THE DATA =
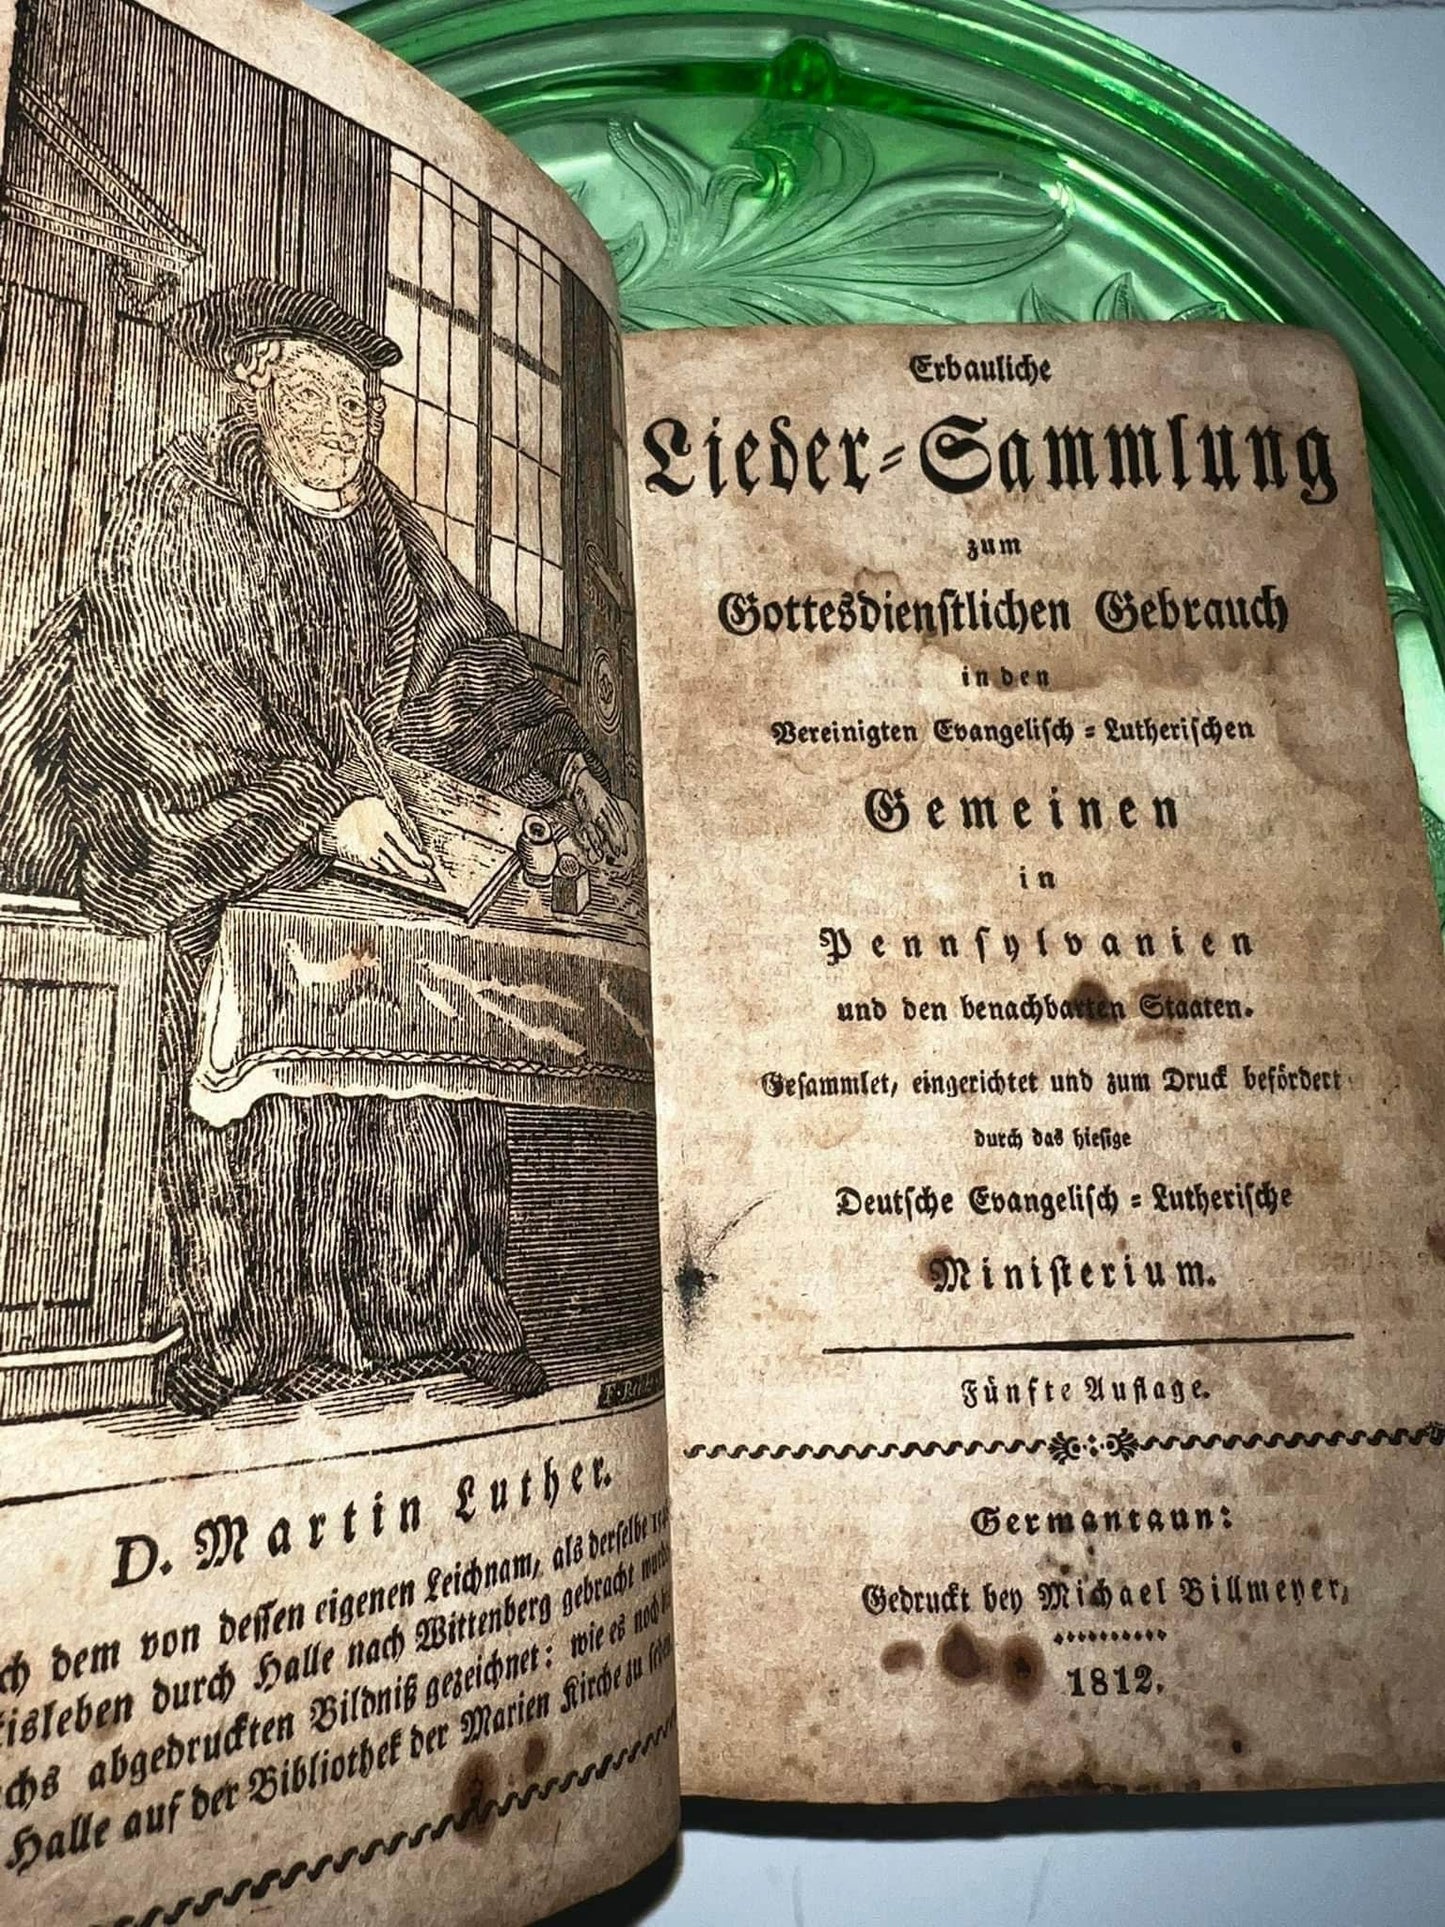 Antique 1812 Pennsylvania German Song collection for religious use in the United evangelical Lutheran congregations In Pennsylvania
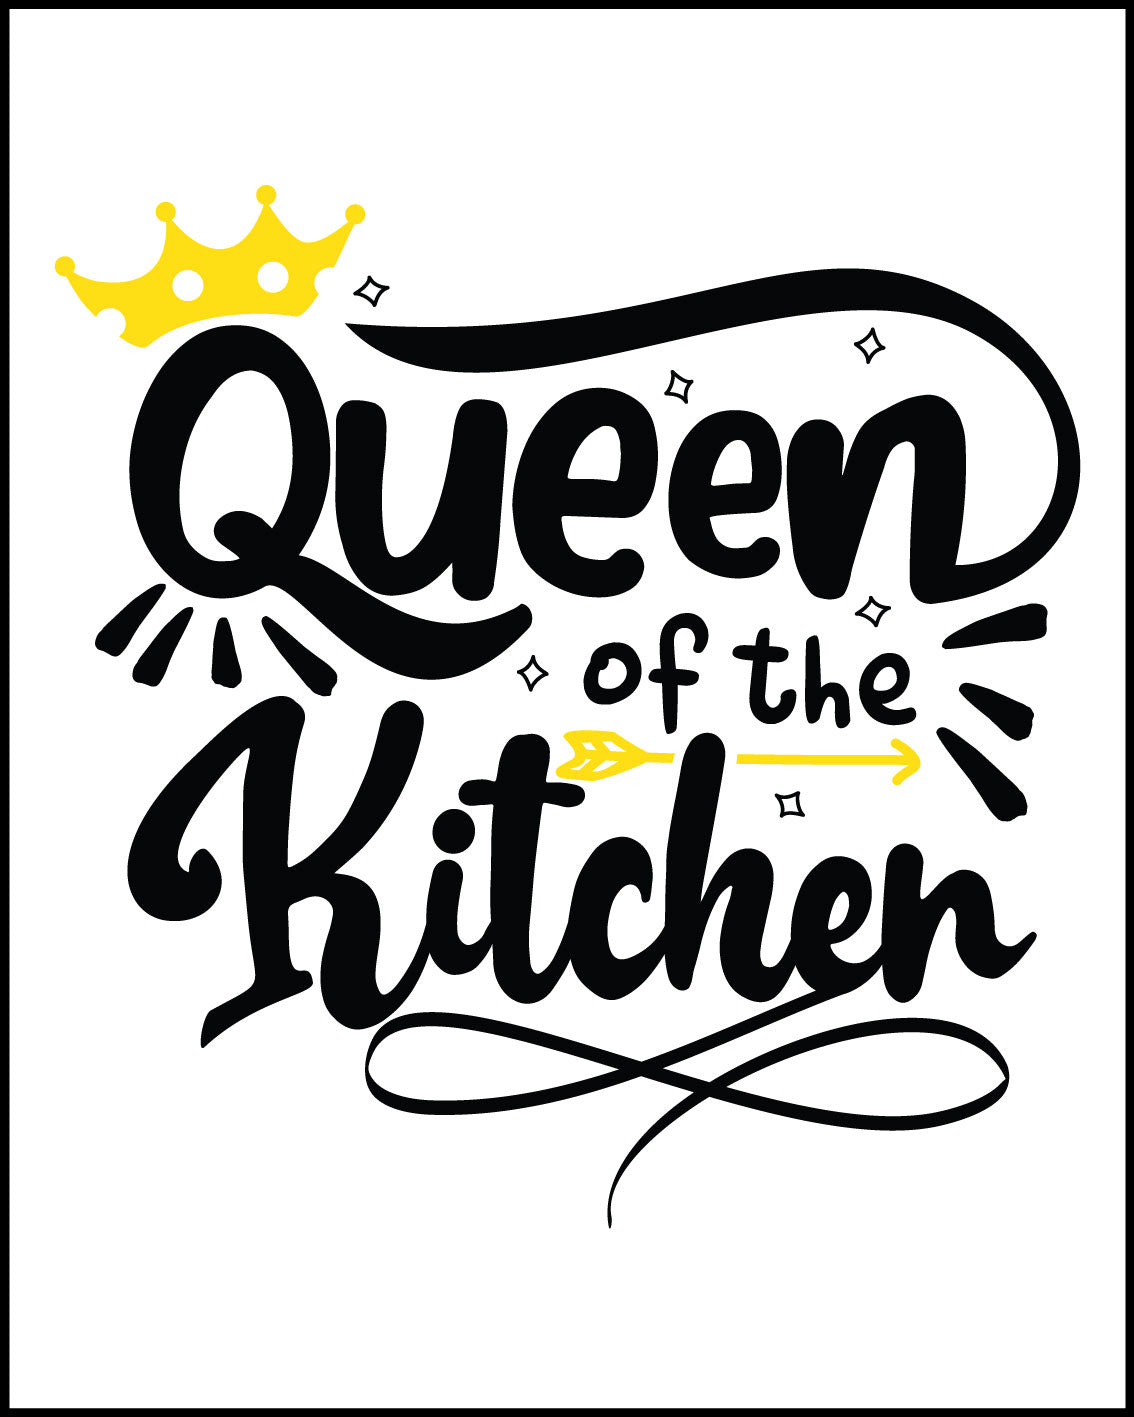 Queen of the kitchen Poster
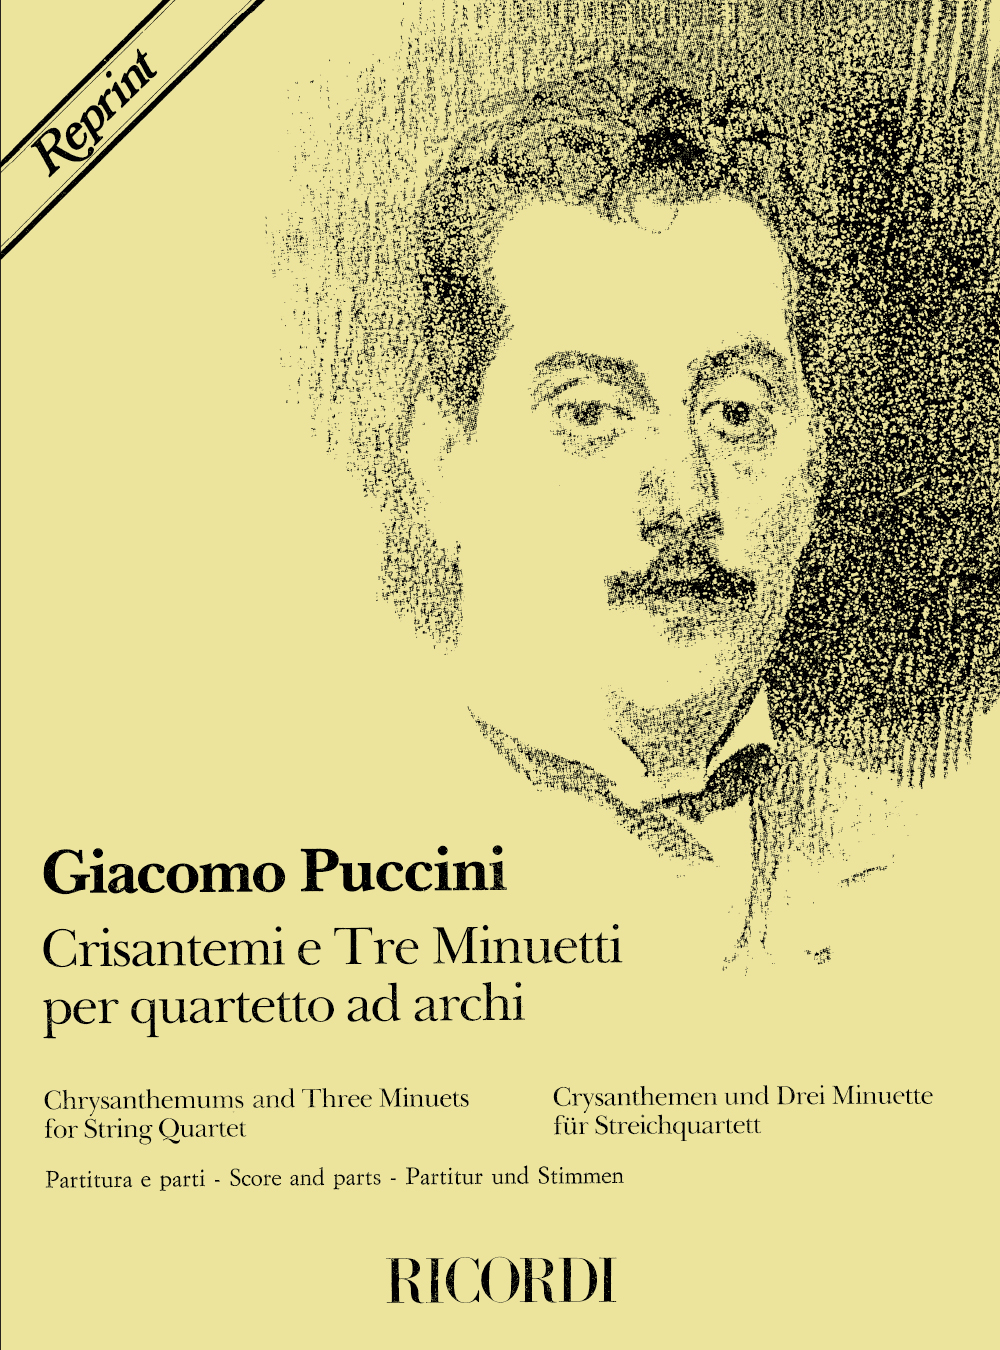 Giacomo Puccini: Chrysanthemums And Three Minuets: String Quartet: Score and
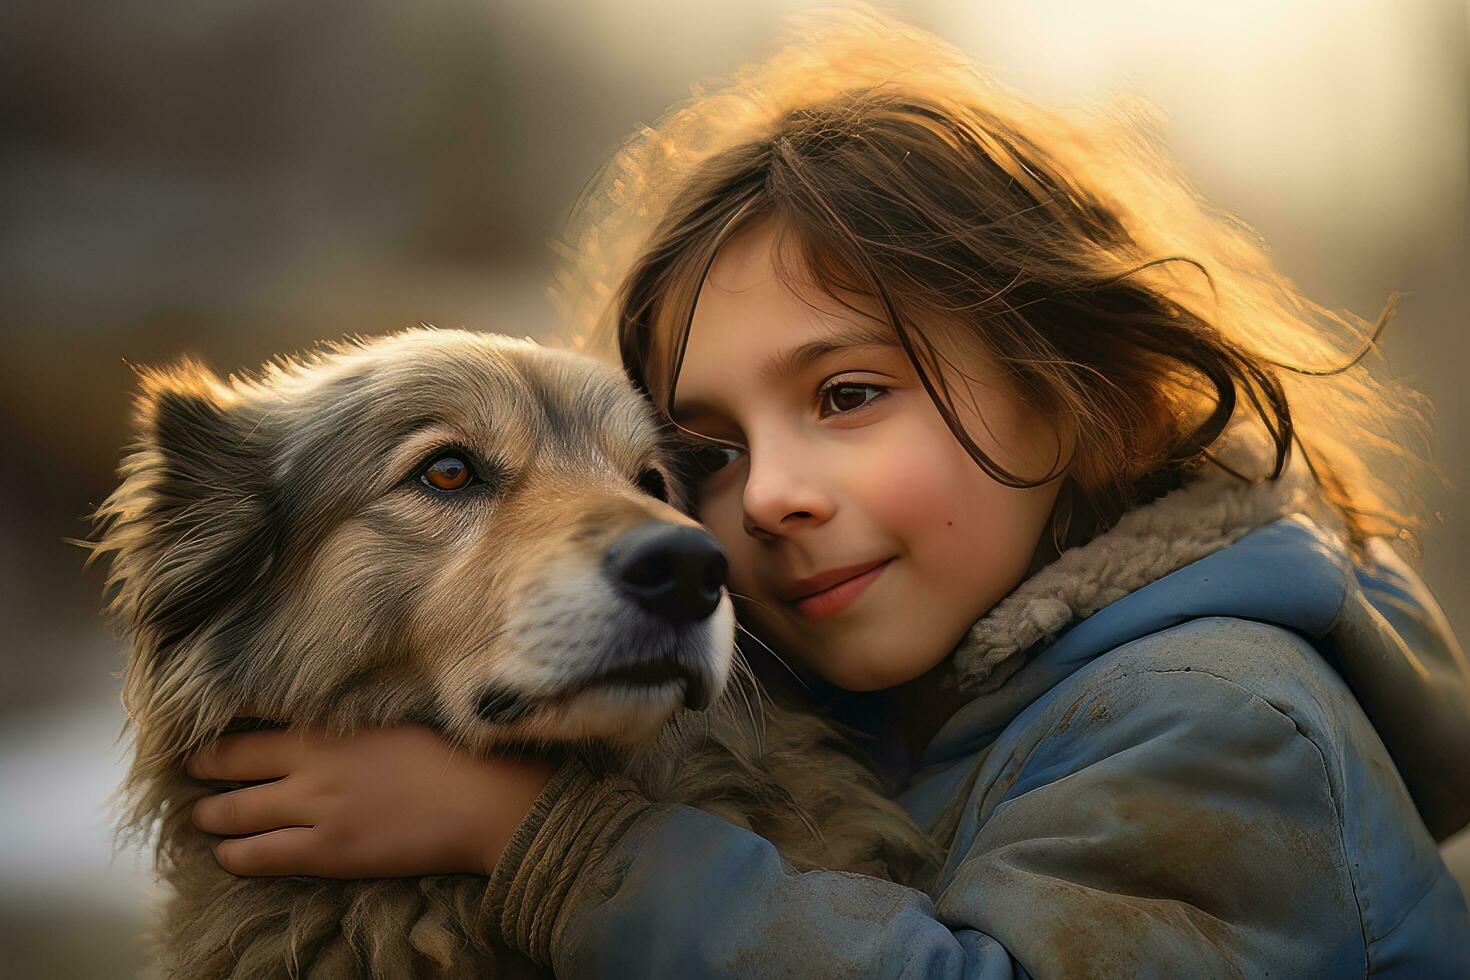 Little Girl Hugging her Dog with Warm Light Background, Kid Hugs a Stray Dog to Conveying a Sense of Love. photo

EXERCISE = Reproduce the listing exactly. Leave its pictures out.

SOLUTION TO THIS EXERCISE =
 Antique 1812 Pennsylvania German Song collection for religious use in the United evangelical Lutheran congregations In Pennsylvania
 Queen of the kitchen Poster
 Giacomo Puccini: Chrysanthemums And Three Minuets: String Quartet: Score and
 Little Girl Hugging her Dog with Warm Light Background, Kid Hugs a Stray Dog to Conveying a Sense of Love. photo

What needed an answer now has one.